Javier Milei llegó al poder con una promesa central: derrotar “la casta” y convertir la moral en política de Estado. Pero, a casi dos años y medio de gestión, ese eje retórico se enfrenta a una sucesión de investigaciones y despidos por bienes no declarados y presunto enriquecimiento en su administración, un fenómeno que ya golpea su imagen pública y pone en tela de juicio la coherencia entre discurso y práctica, según relata El País y muestran recientes sondeos.

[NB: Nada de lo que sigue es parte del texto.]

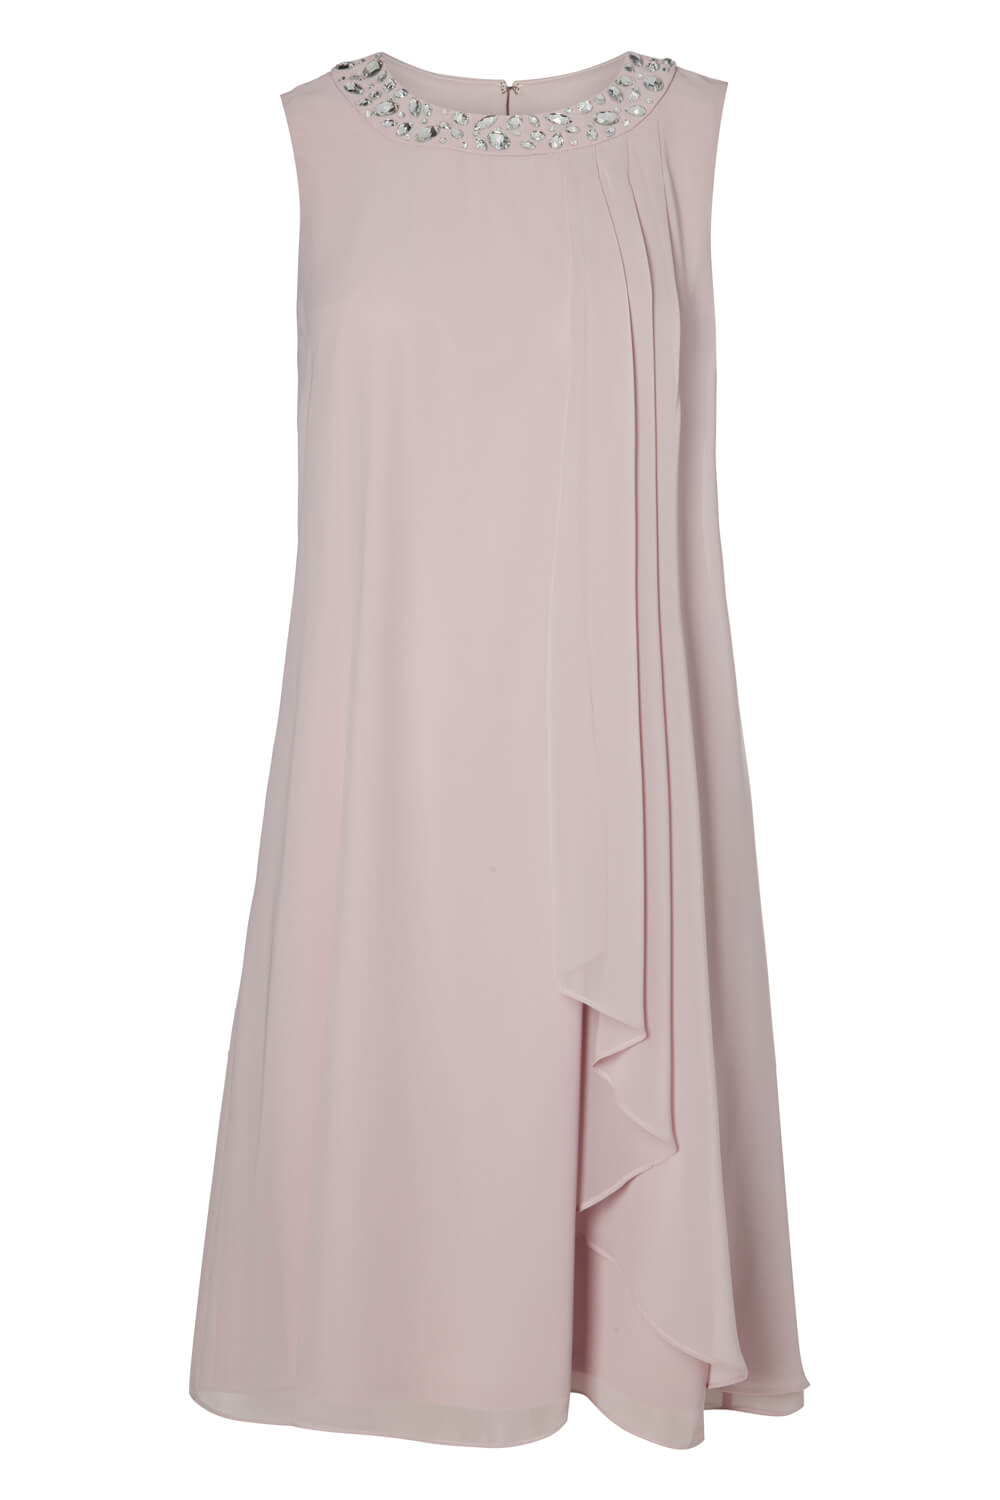 Light Pink Embellished Neck Chiffon Dress, Image 5 of 5
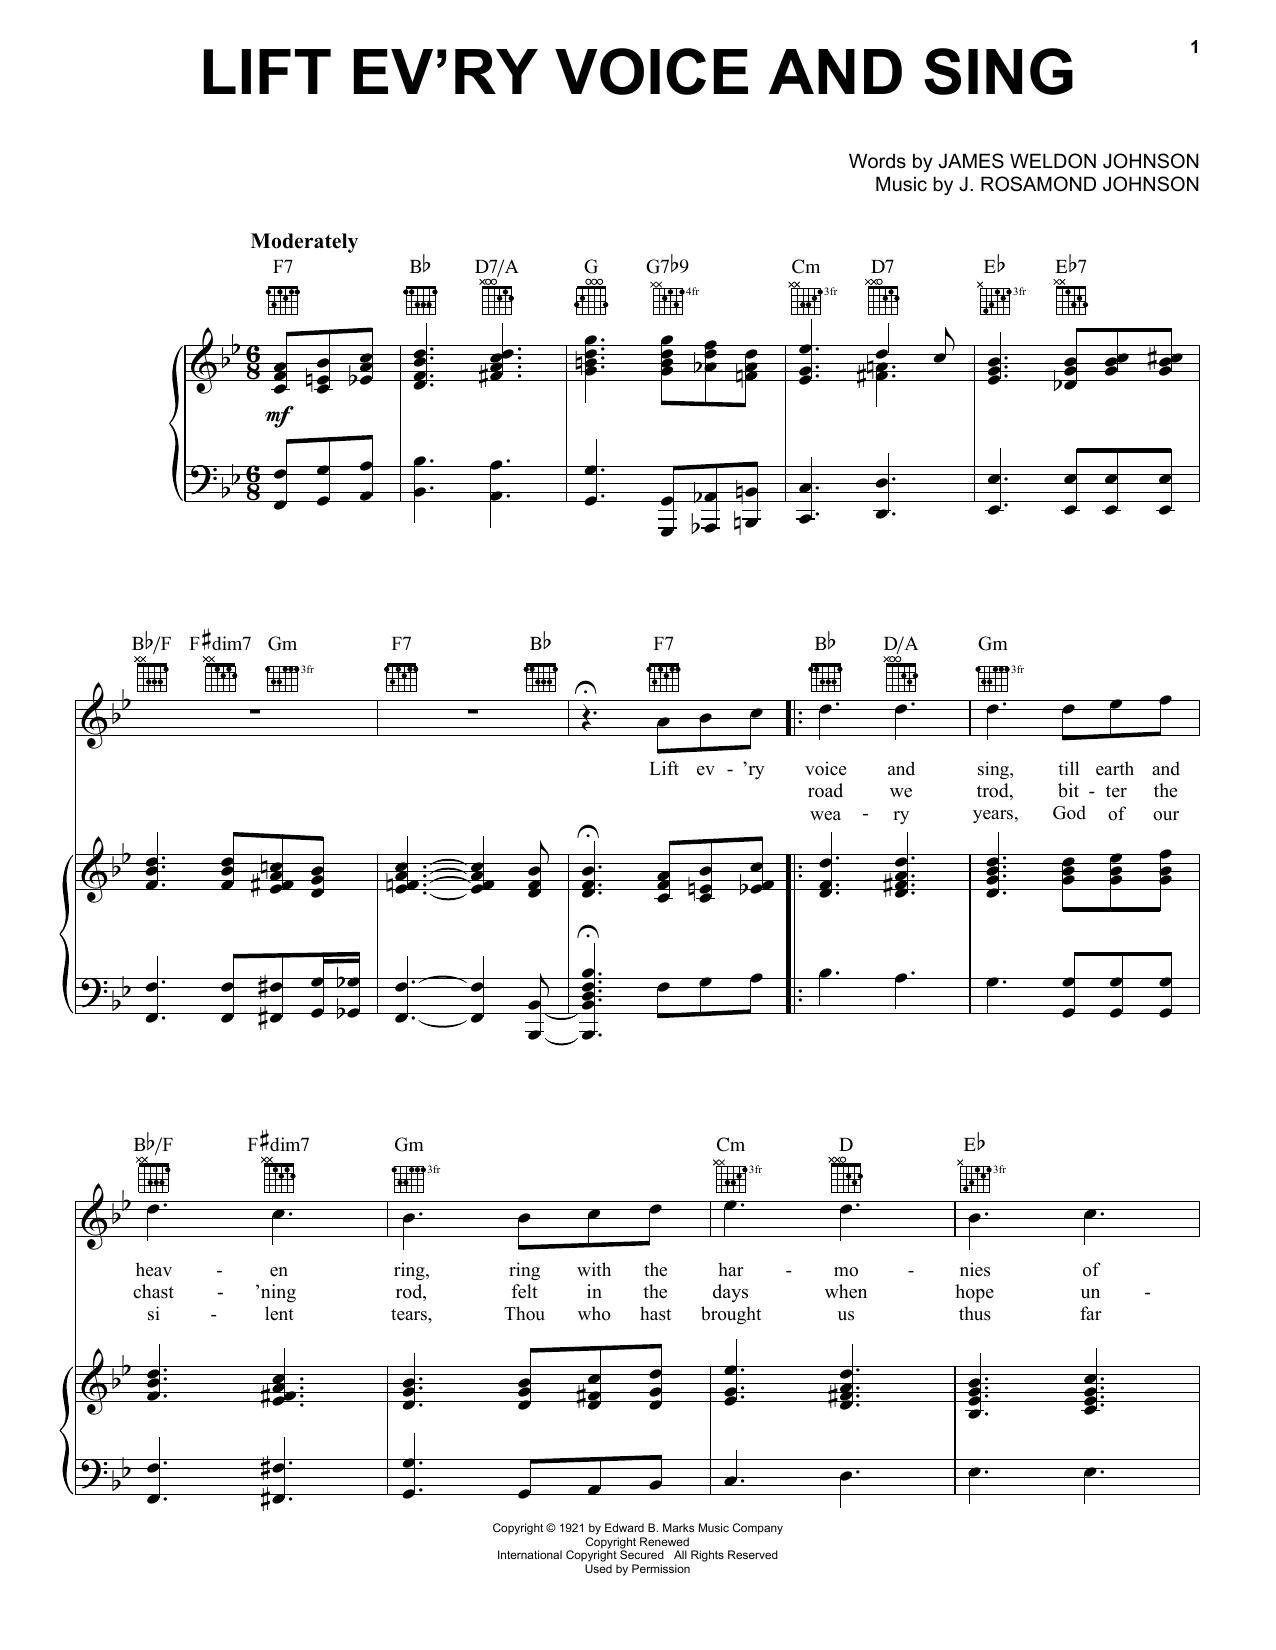 J. Rosamond Johnson Lift Ev'ry Voice And Sing sheet music notes printable PDF score

El contexto de esta contradicción no es menor: la campaña presidencial y el primer año de Gobierno de Milei se apoyaron en la idea de limpieza ética del Estado y una agenda de ajuste y desregulación. Esas banderas legitimaron su llegada a la Casa Rosada, pero el entramado de denuncias que emergió en las últimas semanas —con funcionarios investigados y funcionarios despedidos por no declarar propiedades en el extranjero— devuelve al debate público la vieja pregunta sobre controles, vetting y responsabilidad política.

Los números de opinión pública reflejan el impacto. La consultora Atlas Intel, que en 2023 pronosticó la victoria de Milei, relevó entre el 24 y el 28 de abril a 4.844 adultos en todo el país y registró una caída sostenida de la aprobación presidencial: la desaprobación llega al 63% y la aprobación se ubica en 35,5%, la peor evaluación del mandatario desde que asumió. En ese mismo sondeo, el 50,3% de los encuestados identificó a la corrupción como el principal problema del país, por delante del desempleo (38,5%) y la inflación (35,9%).

Caso Adorni y los despidos por propiedades en el exterior

El escándalo más notable tiene como protagonista a Manuel Adorni, jefe de Gabinete, quien está siendo investigado por la Justicia por un presunto enriquecimiento ilícito ligado a la adquisición de propiedades y un nivel de gastos que, según las denuncias, no se condice con sus ingresos. Aunque el presidente Milei lo ratificó en su cargo, el episodio abrió un debate interno y externo sobre la coherencia entre la retórica anticorrupción del Ejecutivo y la conducta de sus funcionarios.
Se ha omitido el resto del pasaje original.